Hi - a few points here:
As you say, overseas runners with no form in this country are relatively rare. However, when they do occur there are a number of common form elements that can often be used - in particular, trainer form in this country, sire and dam_sire form, jockey form and so on. Usually, there is also a form string to represent the places achieved in recent races, albeit not necessarily in this country, as well as the number of days since a previous run. Again, all of these elements are generally significant, certainly in model building, although the situation is not optimal for these particular runners.

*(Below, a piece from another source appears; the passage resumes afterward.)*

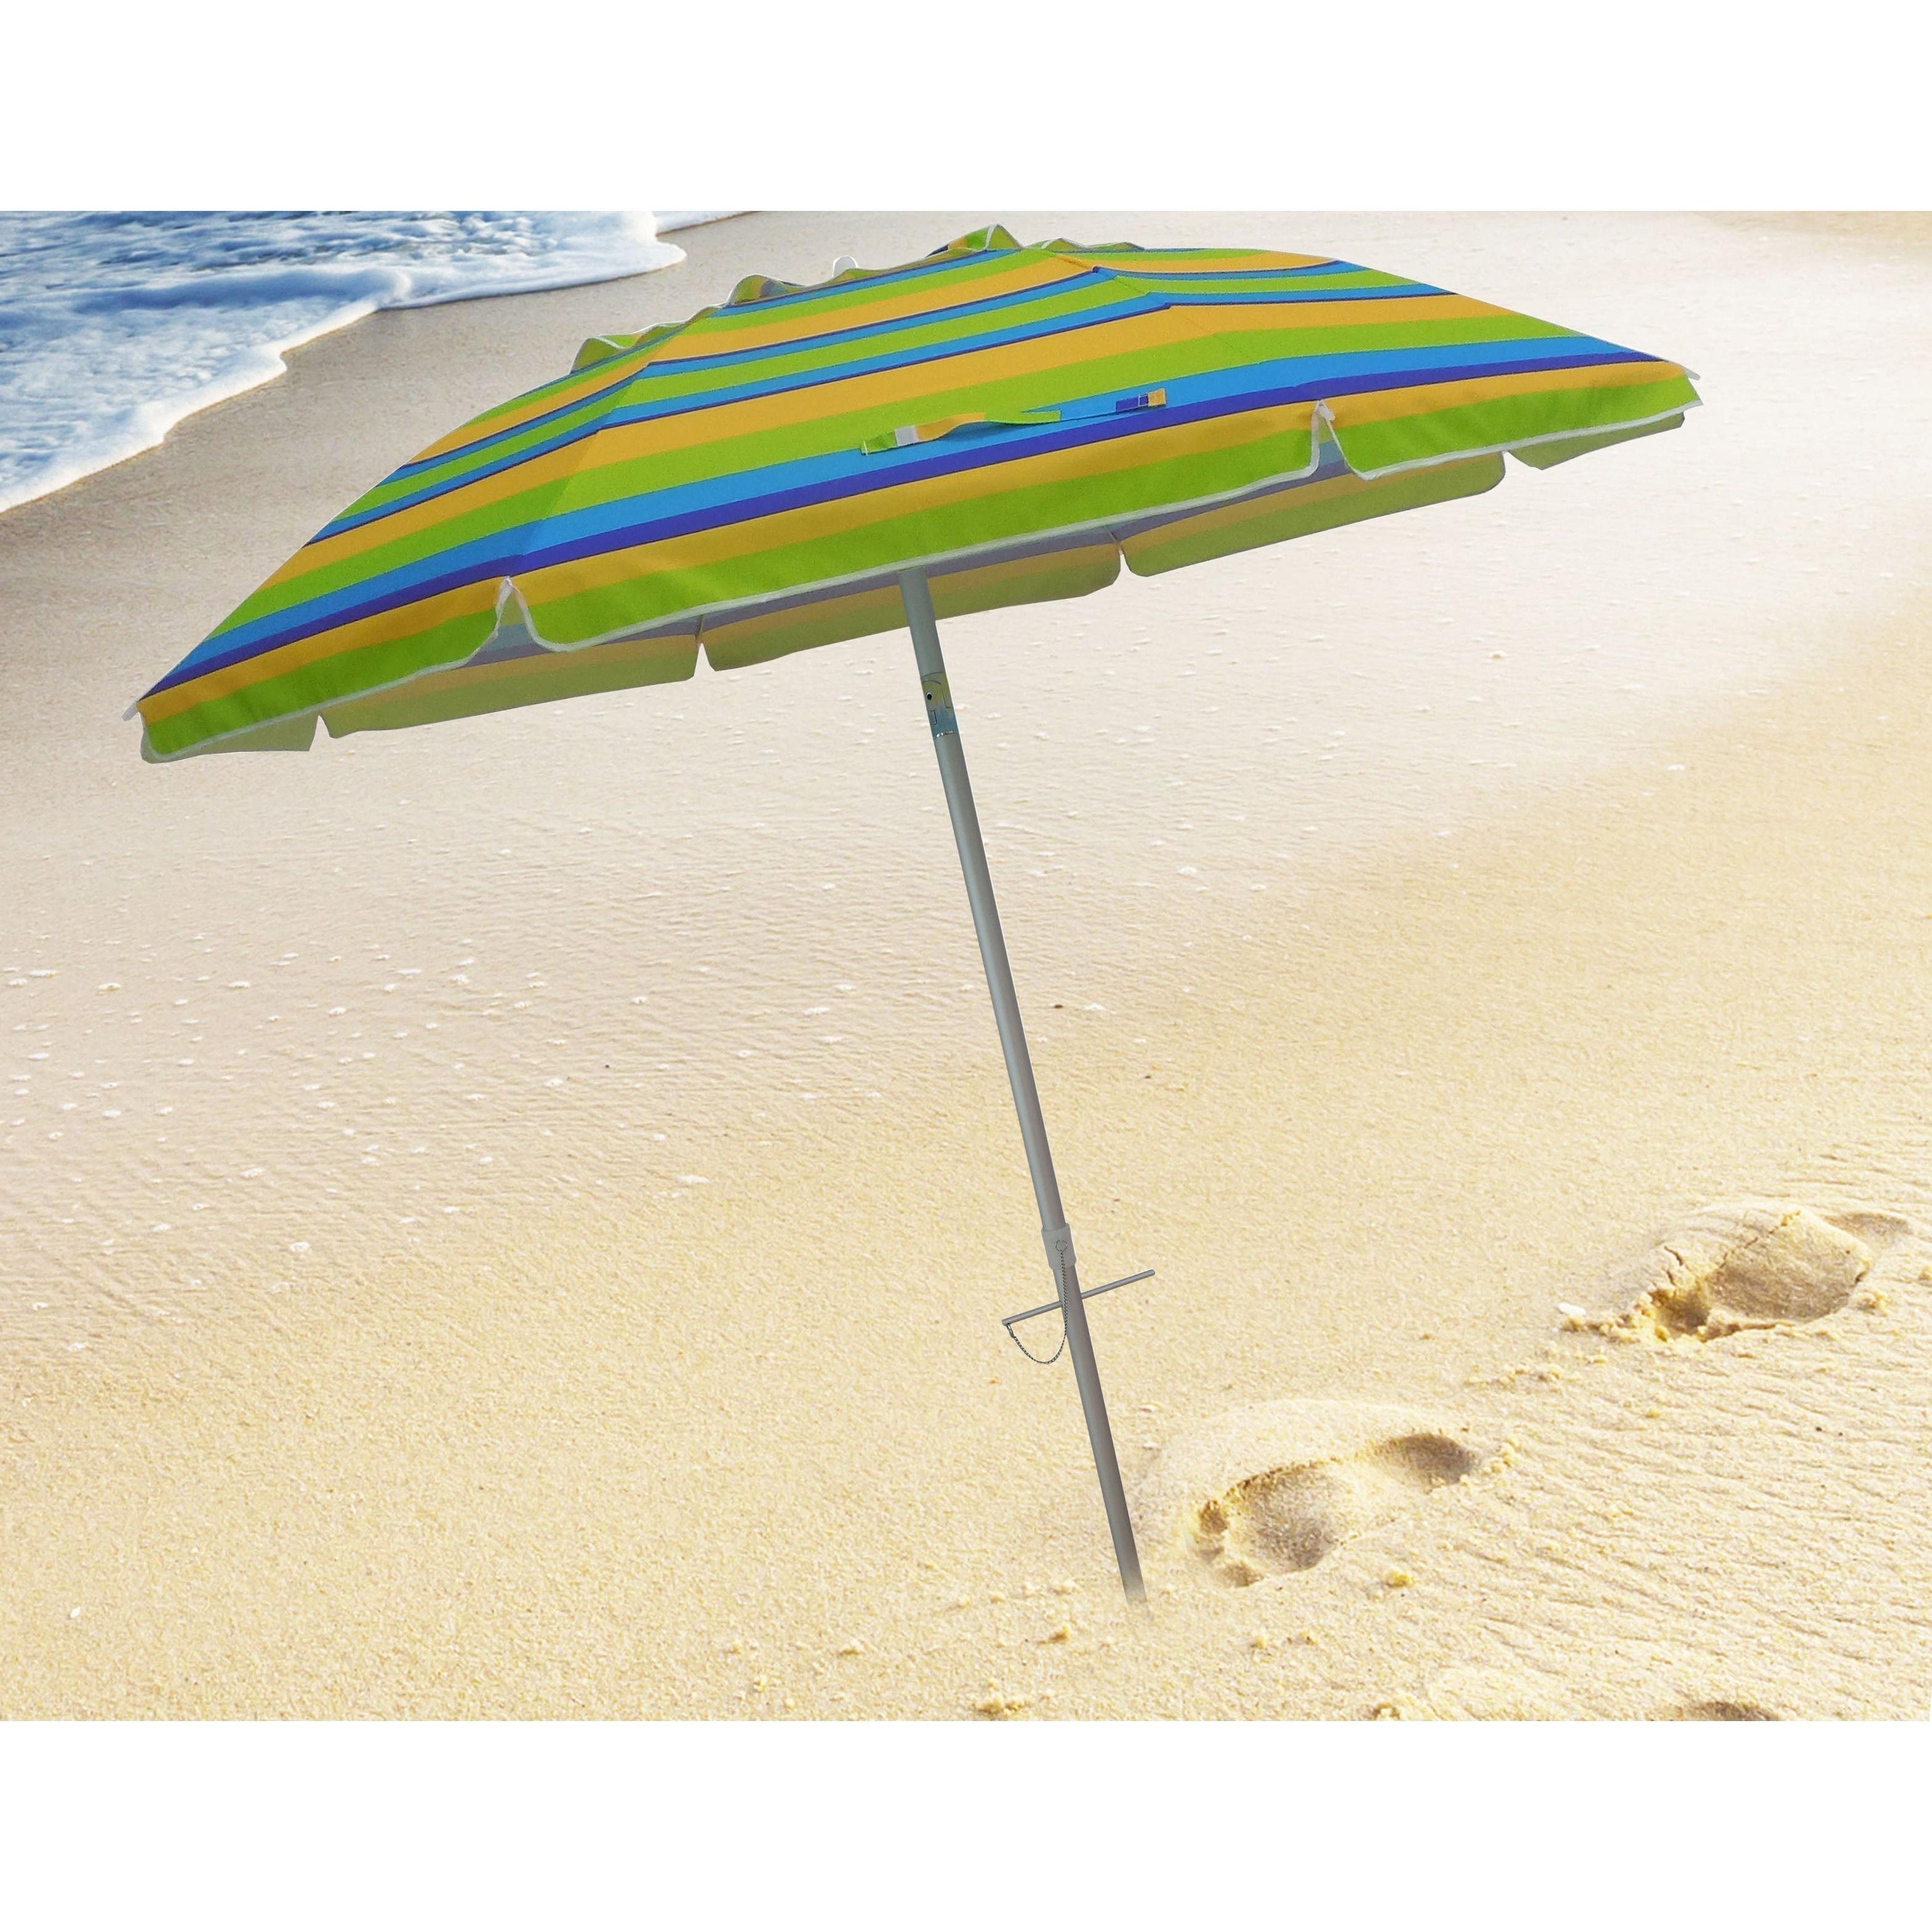 Well Known Tilt Beach Umbrellas Regarding 7 Foot Stripe Beach Umbrellas With Tilt And Travel Bag (View 5 of 20)

Taking the example of the US runner Kaufymaker on the first day of Royal Ascot 2021, we have the following:
Kaufymaker
Trainer: Wesley Ward Owner: Mr Gregory Kaufman Ridden by: John Velazquez Cloth number: 17 Stall number: 3
Age: 2 (b. 2019) Colour: ch Gender: f Weight: 8-12 Bred: USA
Dam: Heaven's Touch (b. 2010) Sire: Jimmy Creed (b. 2009) Dam Sire: Montbrook (b. 1990)
Form: 1 (FlatSix) Forecast price: 5/2 Days since ran: 61
Thus the only form missing are the details of the race that Kaufymaker won when running previously at Keenland. - The other form elements are all useable.
On the question of inclusion of race form from other countries, this means licensing data from other countries. All Smartform data for all racing in the UK and Ireland is licensed from official sources for the personal use of Smartform subscribers - however, it's simply not viable to do so for other countries given limited demand as the cost can approach six figures or more for full history and ongoing updates, depending on usage. An alternative would be to webscrape data from overseas racing sites, but this is not somethiing we would advocate as it is usually outside terms of use and may contravene local licences.